UV Detection:  Simplest method. Place the protein in a quartz curette read the sample.   Almost all proteins have absorbence in the ultraviolet spectra.   What is actually being measured is the presence of phenylalanine, tyrosine and tryptophan.  The number of these in the protein is the determining factor in how strong the absorbence/mg. The more Phe Tyr and Trp the stronger the absorbence the fewer the weaker.  Proteins actually very widely in there absorbence but the rule of thumb is 1 AU= 1 mg/ml, The value for pure proteins  normally ranges from 0.4 to 2.4  although there are some proteins that have an absorbtivity of 0 AU/mg, no Phe Tyr, and Trp, up to as high as 20.  BSA a commonly used standard has an absorbtivity of 0.66AU/ for a 1 mg/ml solution.

The Folin- Lowry Method
One of the oldest amplified methods for proteins. There are a number of interfering reagents and the linked paper is a modified method to avoid some of the problems we will not be using the ptt step in the paper.   The basis of the method is the biuret color reaction which depends on the interaction of copper with the amide backbone of the protein. That reaction is then amplified with the Folin reagent which provides additional color.  The reaction is partially dependent on the amounts of Tyr and Trp in the protein and can vary significantly. The assay's range is from 20-400 µg/ml but is best used below 100 µg/ml.

The Bradford Method
This Method is a dye binding method using Coomassie Brilliant Blue G250, the G is important.  Bio-Rad makes a stabilized Bradford reagent which is commonly used and ignorant individuals may call this the Bio-Rad Method. Please correct them gently.  The Basis of the method is a chromatic shift in the dye when it binds to protein.  The dye interacts with both aromatic and positively charged residues. Variation in these residues will cause variation in the assay.   Detergents are a major interfering agent and the method is inappropriate when protein solutions contain those agents. this has a range from about 5-50 ug of protein in the assay

The BCA Method
Popularized by Pierce Biochemical this method is similar to the Folin-Lowry Method.  The Copper reagents are almost identical. It is somewhat more sensitive in the 5-100ug of protein in the assay.  The Pierce website is useful in understanding this assay.
 
 

The Lab
This task has you compare 4 methods for determining protein concentrations you will use Bovine Serum Albumin (BSA) Hexokinase and Lysozyme and create standard curves for each. Each of the methods has range of concentration where it works effectively.  You will need to design your protocol to reflect that.  

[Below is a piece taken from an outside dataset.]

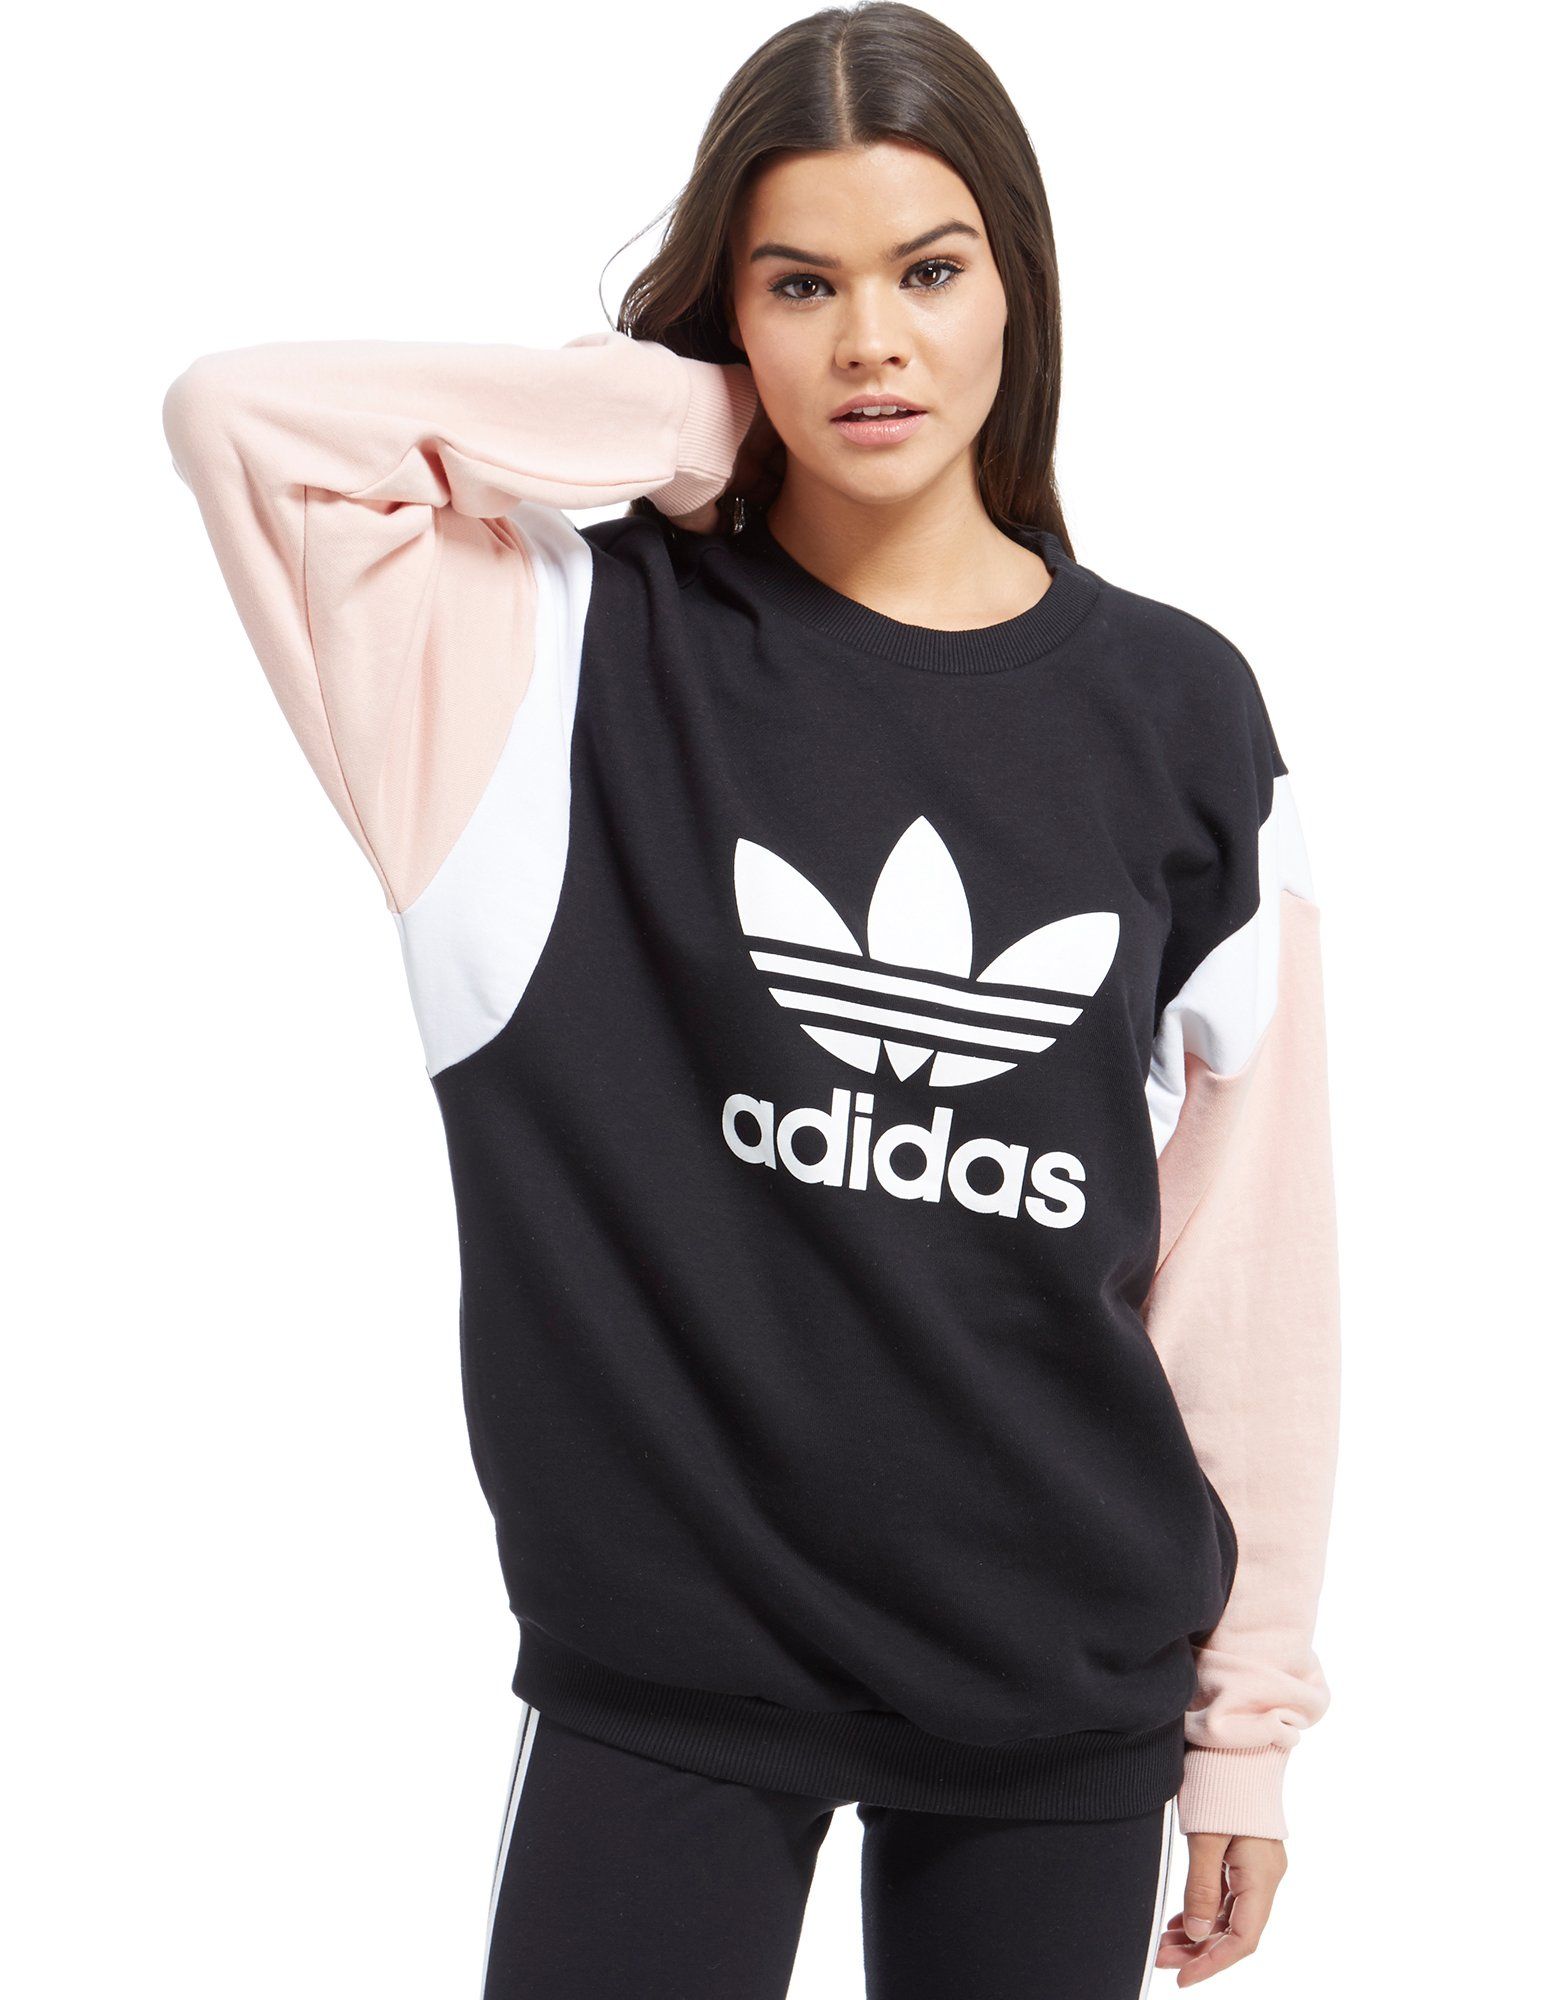 Adidas T Shirt Womens Jd | RLDM

Please calculate dilutions of samples appropriately. You will need to generate sample curves for all methods starting with 2 mg/ml protein (This is a standard protein concentration that is regularly found in labs.).  BCA is a Kit that you will use. You will need to make the Lowry Assay reagents The Bradford reagent and the copper reagent for the BCA assay.  The Bradford reagent takes over night to go into solution so you will need to come in on the following day to filter your reagent.   .
The methods that we will be comparing will be the

Lowry assay
Bradford assay
BCA assay
280 absorbance
 
Week One  make stock reagents
Week Two perform Assays

Some questions to think about.  Feel free to address others.
Why are there upper limits on the concentrations for the assay?
Do the different assays give different responses for the samples?
What method would you choose for a protein that requires detergent in its storage/purification buffer?
Which would you choose to follow protein concentration during purification?